The study find that the Acute lymphoblastic leukemia accounts for one in five adult leukemias, and is the most common pediatric cancer in the United States. While new immune therapies have helped improve survival rates, some patients are unresponsive to existing treatment regimens. In addition, drug-related toxicities and drug resistance are rampant for these patients, spurring an urgent need for new therapy options.

Acute lymphoblastic leukemia

Researchers from Case Western Reserve University School of Medicine have developed a new combination treatment regimen that enhances the immune system’s ability to kill leukemias that do not respond to standard treatments. The regimen includes a therapeutic antibody designed to draw natural killer immune cells to cancer cells. The antibody attached specifically to acute lymphoblastic cancer cells as early as 30 minutes after treatment; and remained attached for two days; serving as a flag to attract natural killer immune cells.

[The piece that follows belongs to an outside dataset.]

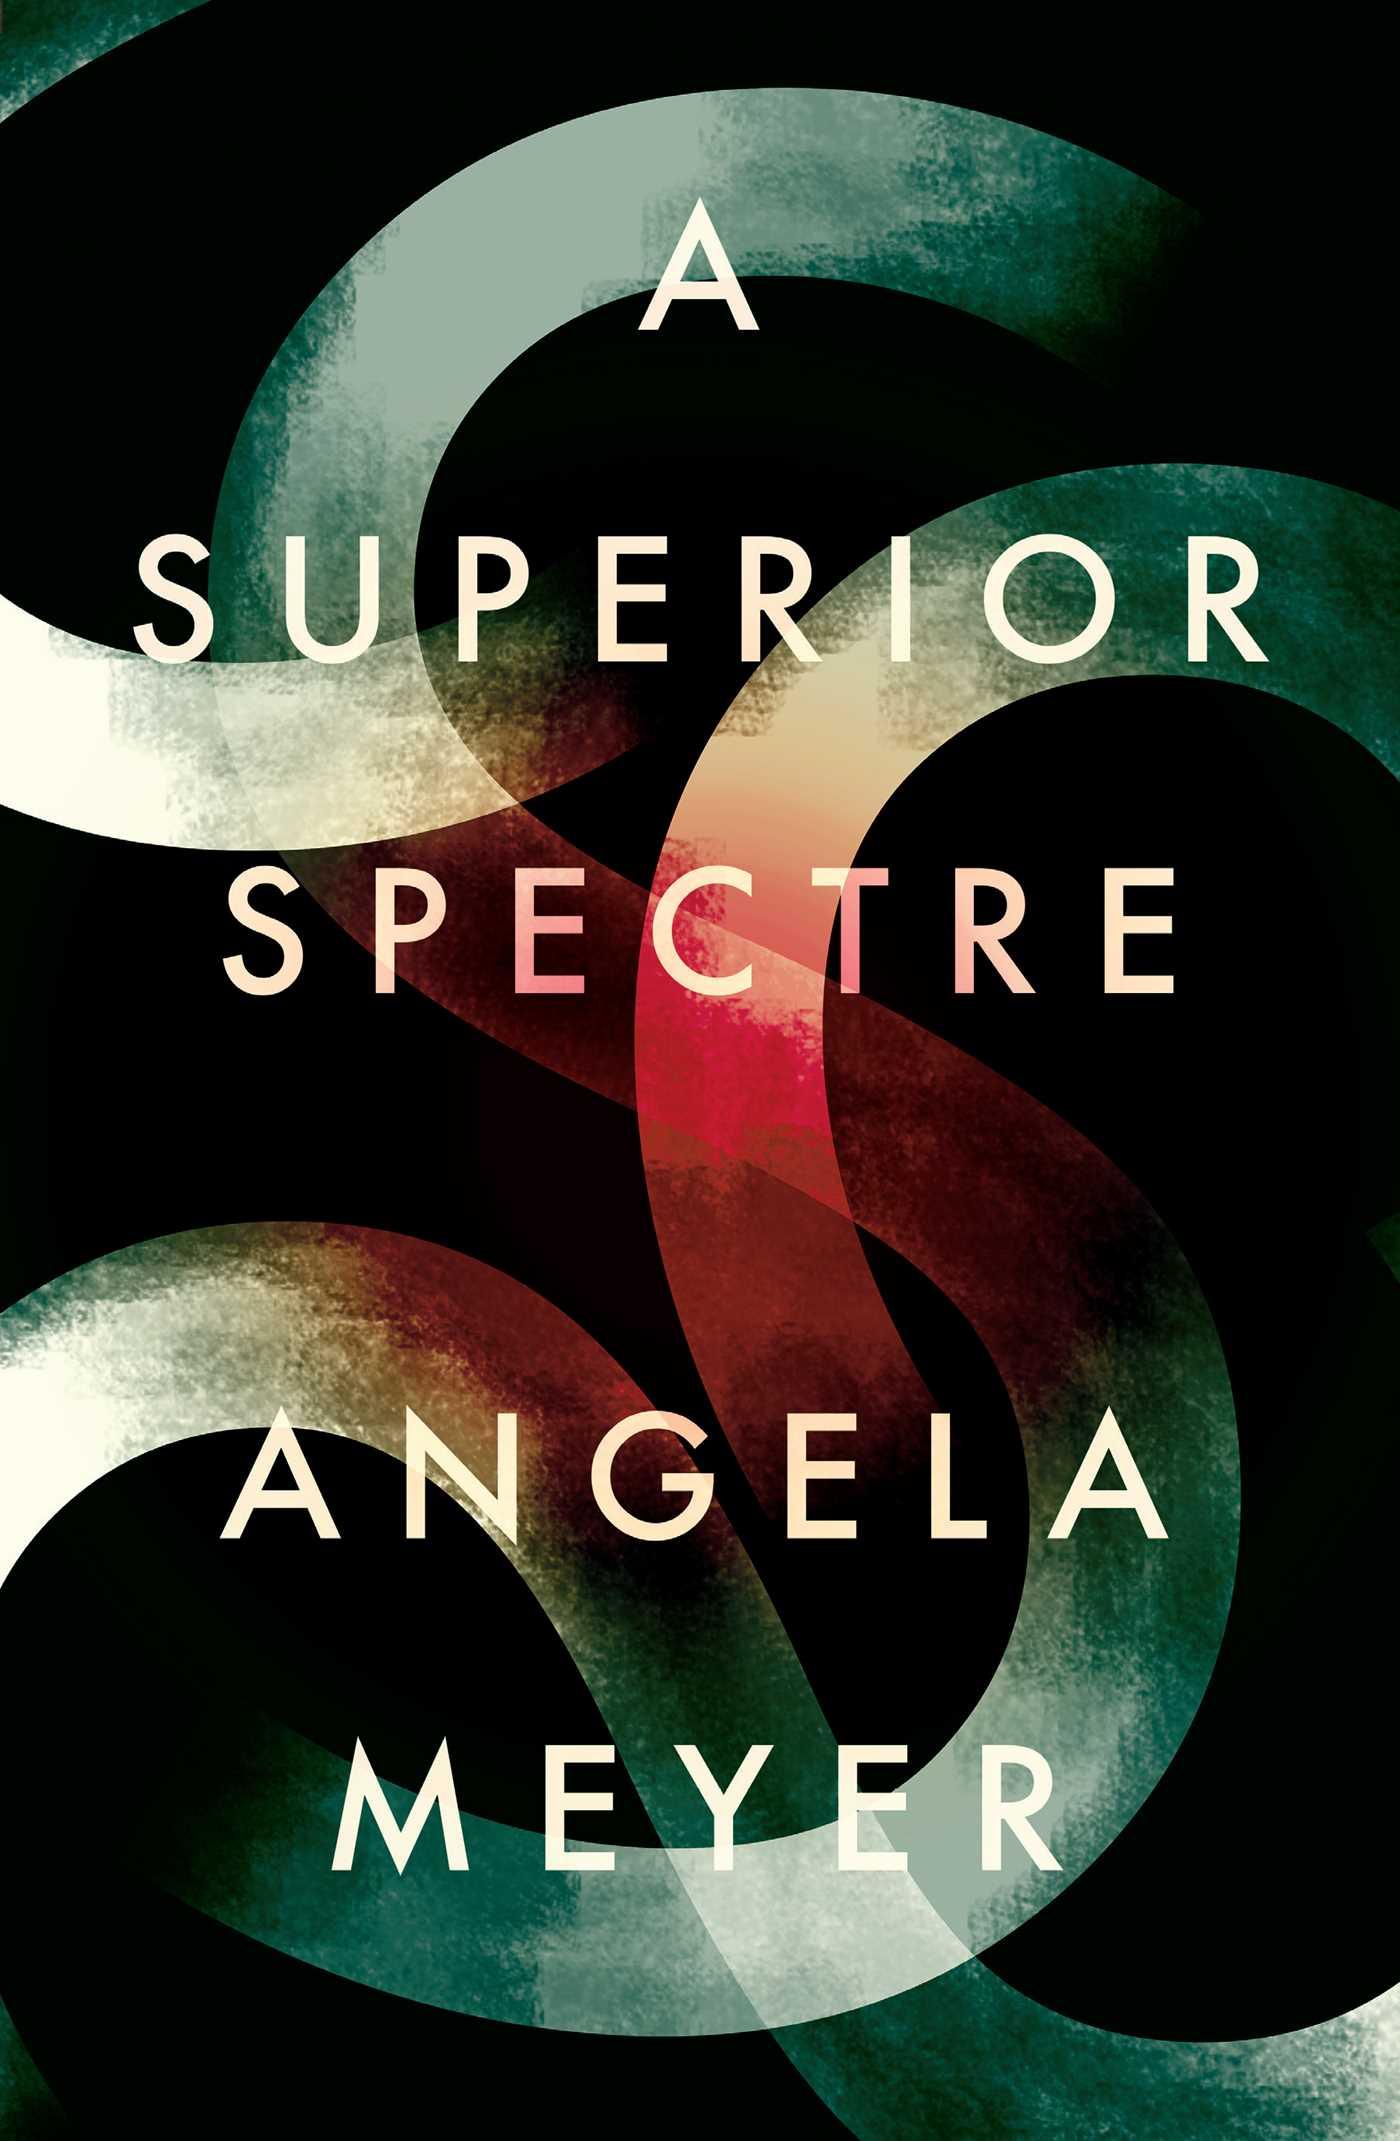 A superior spectre 9781925183924 hr

The researchers were able to maximize the antibody’s efficacy by adding a second; anti-tumor molecule to the regimen. Results published in Cancer Immunology Research describe how the antibody attaches to a specific protein on the surface of acute lymphoblastic leukemia cells (B-cell Activating Factor, or BAFF-R). Once the antibody attaches to a cancer cell; natural killer cells also attach to the antibody and this antibody acts like a bridge connecting cancer cells to natural killer cells; where it quickly gets to work destroying the cancer cell.

Anti-tumor molecule

The antibody connects with natural killer cells through a second protein commonly found on their surfaces (CD16). The researchers, Reshmi Parameswaran, Ph.D., assistant professor in the Department of Medicine and MD/Ph.D. student in her lab and the Department of Pathology, Yorleny Vicioso, created a new acute lymphoblastic leukemia mouse model for the study. They used mouse models with growing, drug-resistant cancer cells collected from human patients. Then, they tested treatments over the course of disease progression—starting with the antibody alone.

“If we started to treat mice with the antibody early during disease development, leukemia was almost eradicated by this treatment method; however, if treatment was administered late when the tumor had grown and established its own microenvironment, the antibody alone was less effective,” said Parameswaran, who is also a member of the Case Comprehensive Cancer Center and a St. Baldrick’s Scholar.

Inhibit immune cells

As cancer cells grow, they secrete molecules that disrupt and confuse the body’s natural immune responses. The area around an established tumor its surrounding “microenvironment” can contain myriad molecules that inhibit immune cells. Parameswaran’s team found unusually high levels of an inhibitory molecule called TGF-beta in the bloodstreams of the mice. Closer inspection revealed that the cancer cells were secreting TGF-beta directly; which accumulated over time in their micro environments as a defense against natural killer cells. TGF-beta in the microenvironment inhibit the ability of natural killer cells to kill cancer cells by more than half.